Obama’s American Jobs Act doesn’t deal specifically with cement or boilers. But among other things, it would invest in roads, schools, and other construction projects as well as cut payroll taxes for the workers and their employers who build such projects.

It also includes $35 billion designed to prevent layoffs at schools, police stations, and fire departments, a tax credit of up to $4,000 for hiring the long-term unemployed, and a "returning heroes" tax credit of up to $5,600 to businesses hiring veterans who have been unemployed six months or longer.

As he often does, Obama told individual Americans’ stories to illustrate his call for public pressure on Congress to pass his proposal.

Sixteen year-old Destiny Wheeler from Georgia who wants to go to college, but who worries that that might not be possible “especially since the economy is rough and my starting situation is so poor.”

Alice Johnson in Oregon who, along with her husband, has been looking for a job for about two years and has “faithfully applied for work every week.”

Cathleen Dixon, who sent pictures of the aging bridge she drives under when she takes her kids to school in Chicago every day.

Kim Faber, whose husband owns a small carpet business in New Jersey. “We hang on by a shoe string,” she wrote. “It breaks my husband’s heart when he has to let people go!”

(Just a thought: Is there a political reason why all the letters Obama chose are from women? Perhaps a little tap on the wedge into a gender gap?)

Rep.

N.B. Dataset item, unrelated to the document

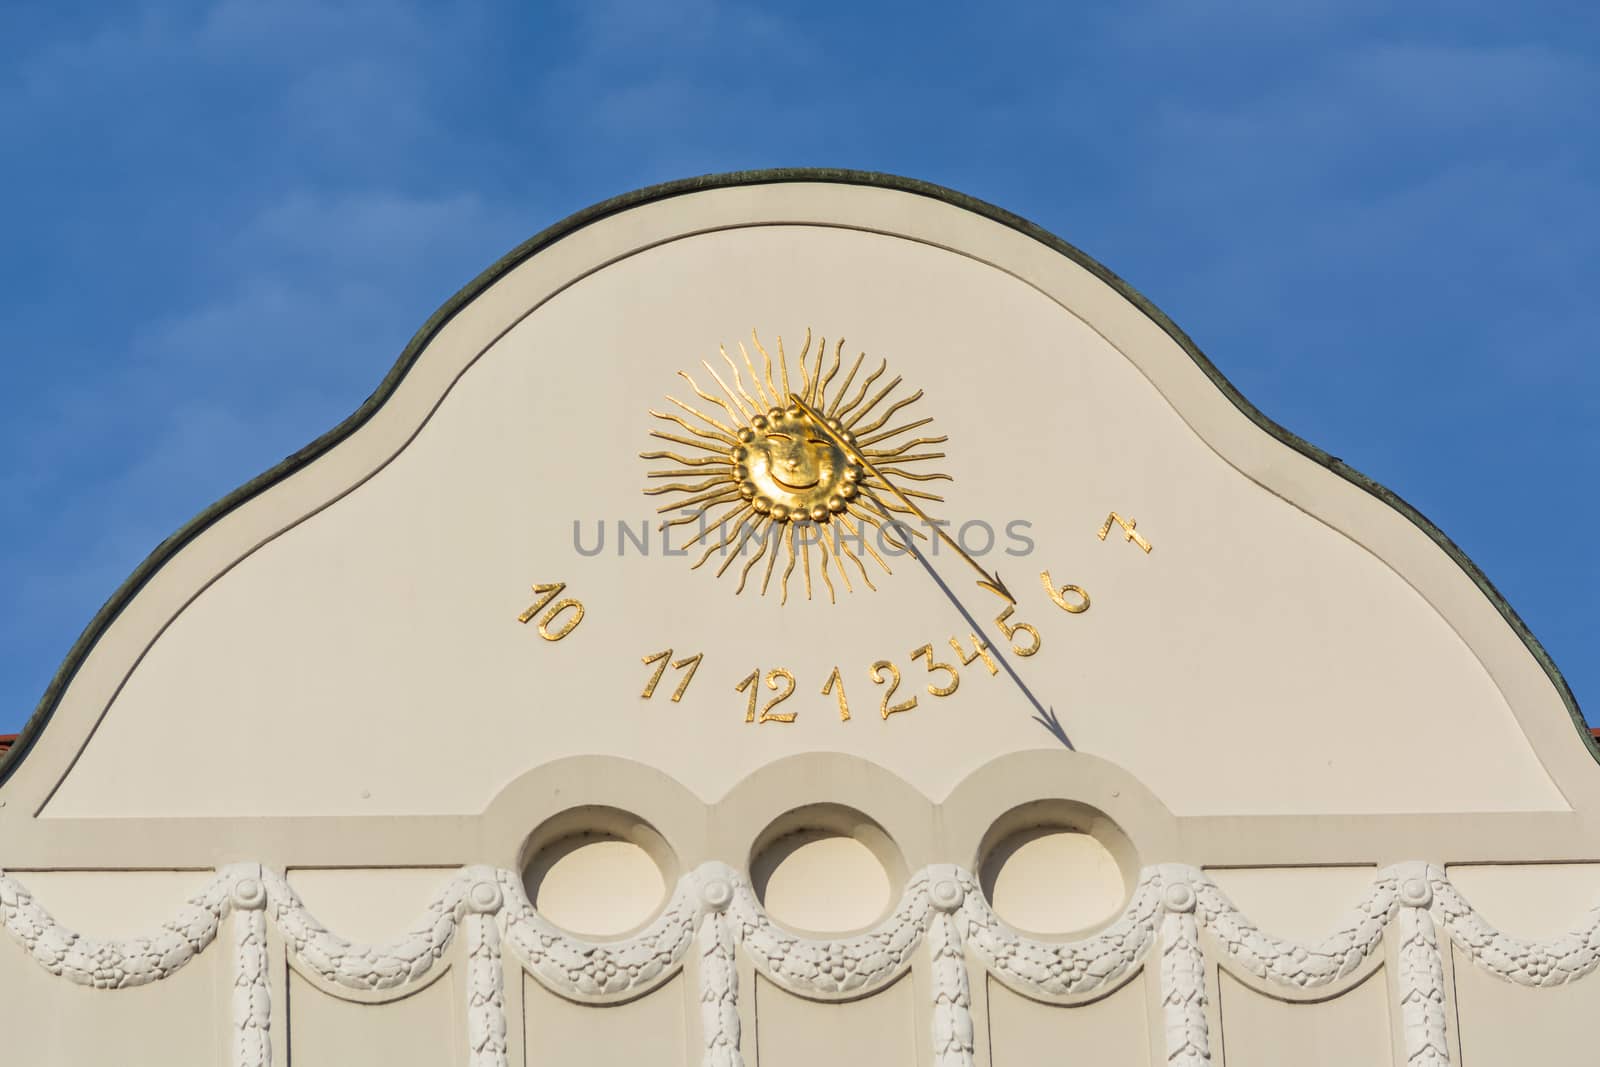 Sundial clock in Essen-Kettwig on a house facade

Griffith had his own story to tell – of “a Dallas-based chemical company [which] may significantly scale back or close a plant that employs hundreds of people in my district” because of the regulations on boilers.

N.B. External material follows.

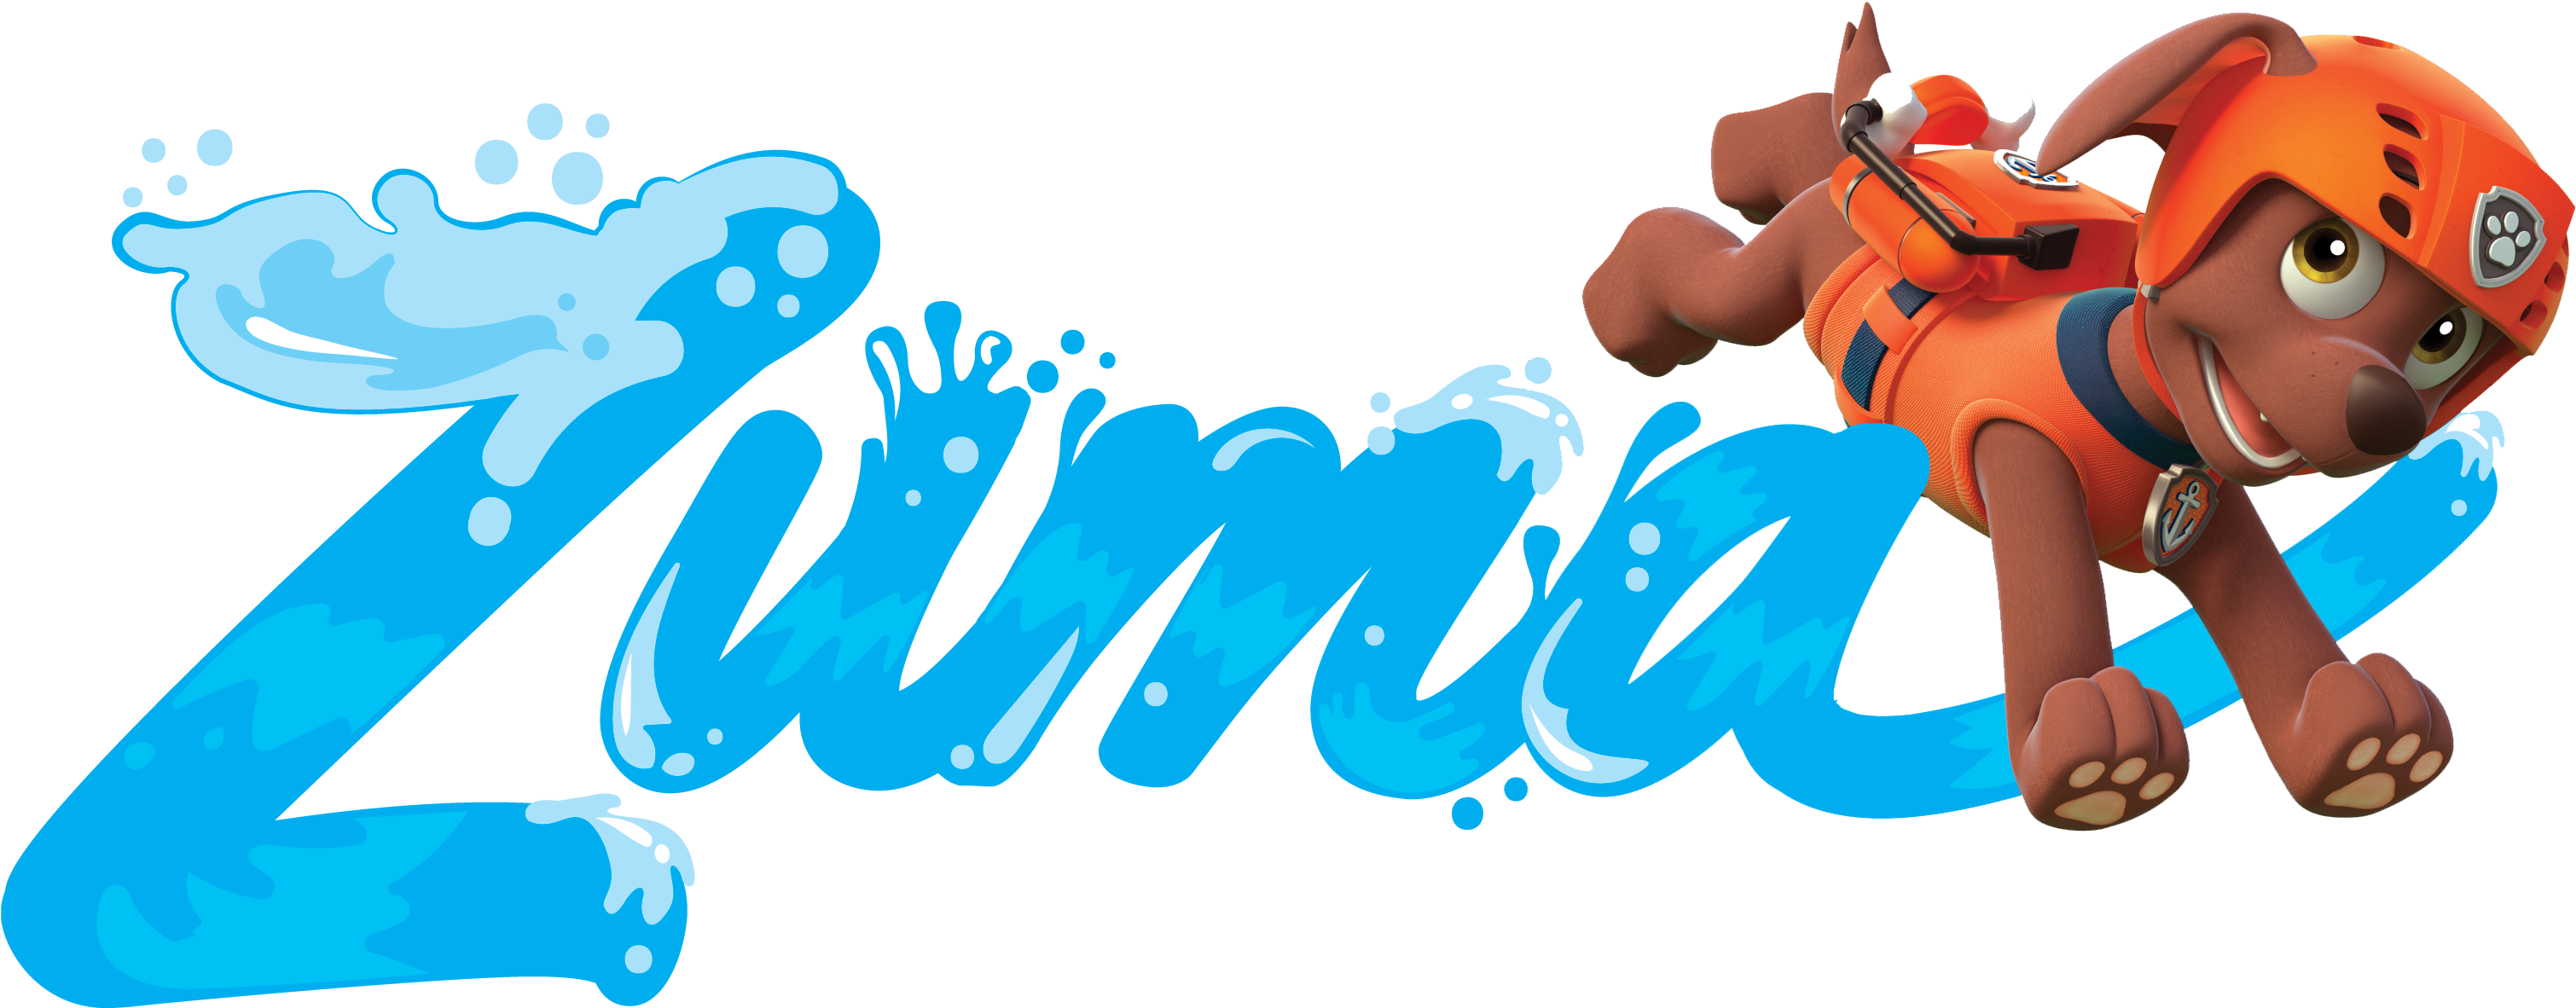 Nickelodeon Nick Jr - Paw Patrol Zuma Name (3093x1363)

He quoted Todd Elliott of the Celanese Corporation, who told lawmakers at a recent hearing, “If our costs become too high, we lose competitiveness and jobs.”

While Obama pushes Republicans to accept his jobs bill, Griffith urges Democrats and the President to back GOP bills aimed at reducing government regulations.

The chances that both these two things will happen without further wrangling, delay, and even possible gridlock: approximately zero.